Along with general information on life for young men, Leykis's 101 advice mostly consists of his principles of looking out for oneself. He argues that the institution of marriage is flawed and that family court systems are often corrupt because DNA testing after childbirth is not mandatory to prevent paternity fraud, and because courts have forced men to pay child support even after DNA testing has established that a man was not actually a child's father. To guard against sperm theft, he advises men to dispose of their own condoms by flushing them down the toilet or filling them with tabasco sauce. Other examples of Leykis 101 guidelines include never dating single mothers or co-workers; never cohabiting with a woman; using birth control during each sexual encounter; and immediately ending a relationship if a woman issues an ultimatum. In the event of an unplanned pregnancy, Leykis advocates a strategy known as "The Hail Mary", whereby the man persuades the woman to have an abortion by promising to have children with her when they are ready in the future. Then as soon as she has the procedure, he dumps her.

Leykis constantly recommends that young men pursue their career or educational goals and avoid being distracted by serious relationships or marriage at a young age as he was. Leykis describes many women as "dream killers" (i.e., he argues that, in dating or marriage, women will typically prioritize their desires above a man's, and will actively discourage men's ambitions for fear of him leaving the relationship if he attains success).

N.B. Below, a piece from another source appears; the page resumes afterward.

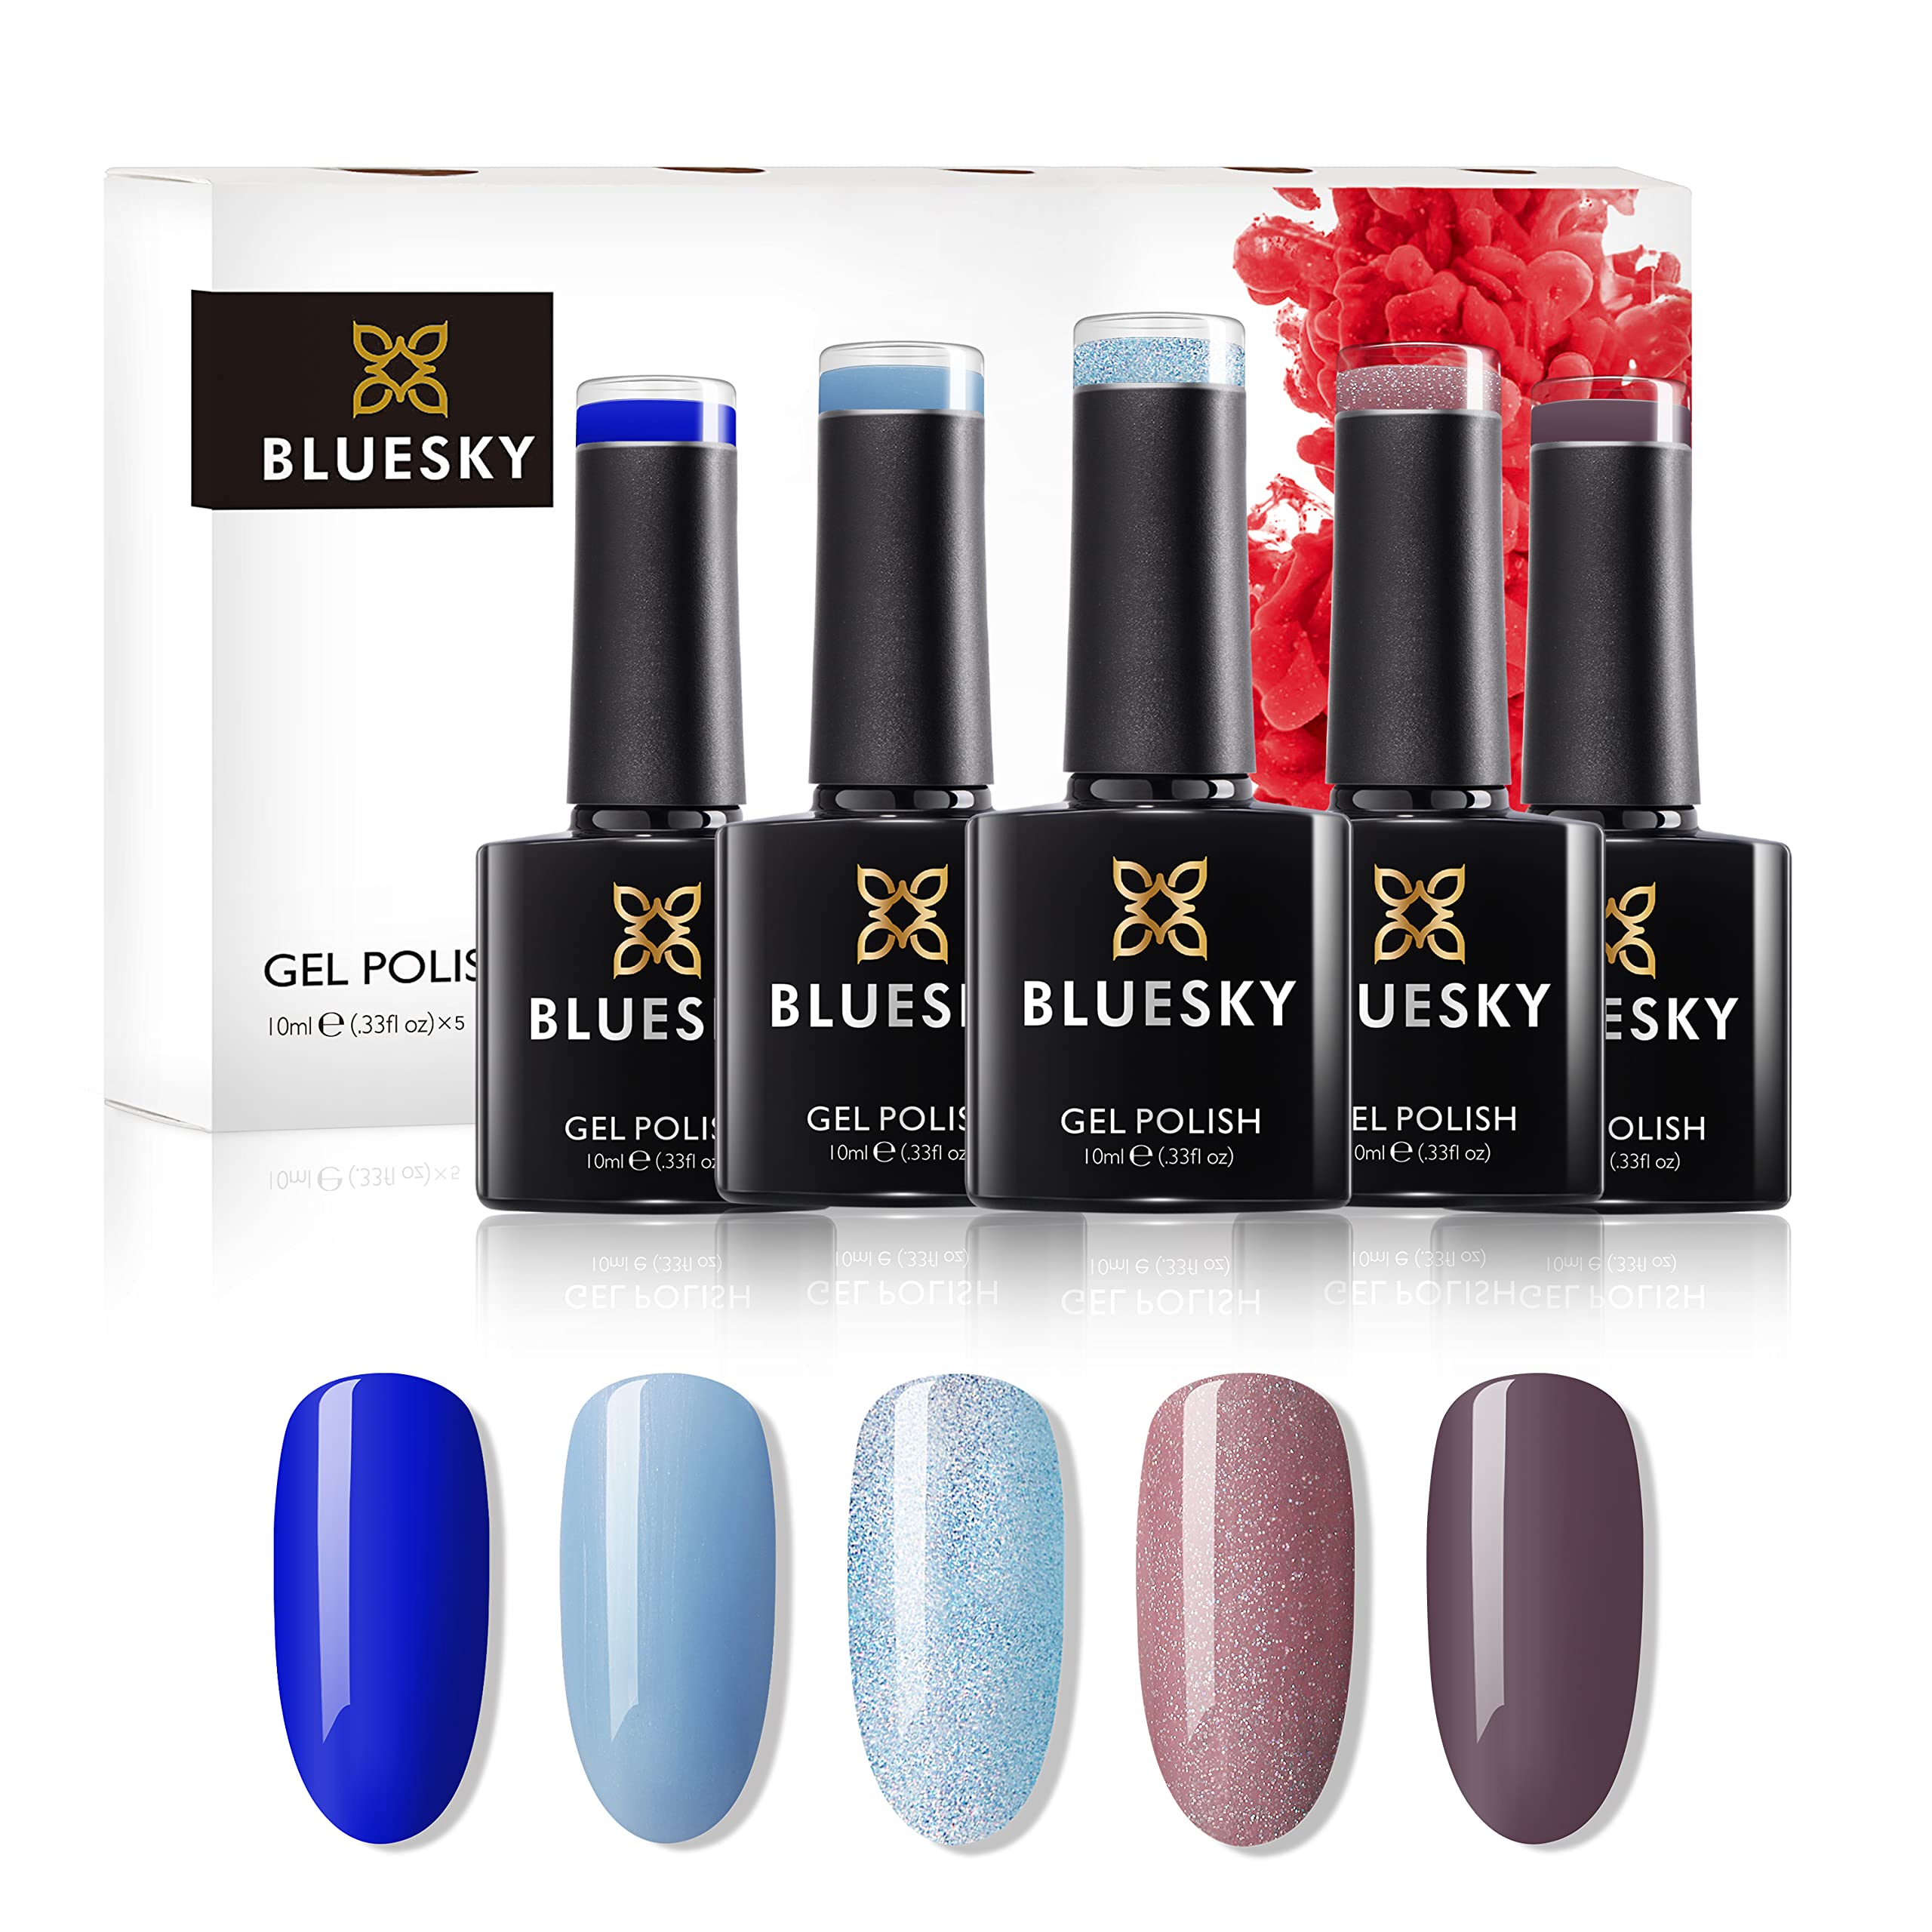 BLUESKY Gelnagellack Set | 5/6 UV Lacke zum Preis von 4/5 | Gel-Nagellack für glänzende und schöne Nägel | langer Halt von bis zu 3 Wochen (BLUESKY Chillout 5er Set)

Furthermore, Leykis urges men to live frugally, including avoiding consumer debt (what Leykis describes as "renting money"); never spending more than $40 for a date; and saving cash and investing for the future. He has described men who neglect their bills as "immoral".

===Features===
A popular and long-running feature of the show is "Flash Friday", in which men are encouraged to drive with their headlights on and women are encouraged to expose their breasts to such vehicles. The feature began as a one-time bit; while on the air, Leykis recalled a radio host he listened to as a child, who asked his listeners in New York apartments to flash their lights on and off and then to look outside to see how many neighbors were doing the same, as a way to gauge the audience size (Jean Shepherd). Leykis asked his listeners to do the same with their car headlights, and a few minutes later, jokingly suggested that women flash their breasts. A listener called in to report that he saw a woman flashing fellow drivers, and it became a regular feature of the show. Both women and men commonly call during the Friday broadcast to alert other listeners as to their location, and to recount stories of flashing or being flashed, respectively.

===Lawsuits===
In July 1998, Tom Leykis and the production company Westwood One were sued by Karen Carpenter of Juneau, Alaska. She claimed to have suffered post-traumatic stress from disparaging and sexual comments Leykis made about her on the air. Leykis has stated on air that the case occupied much of his attention in the winter of 2002. Tom Leykis did win the case.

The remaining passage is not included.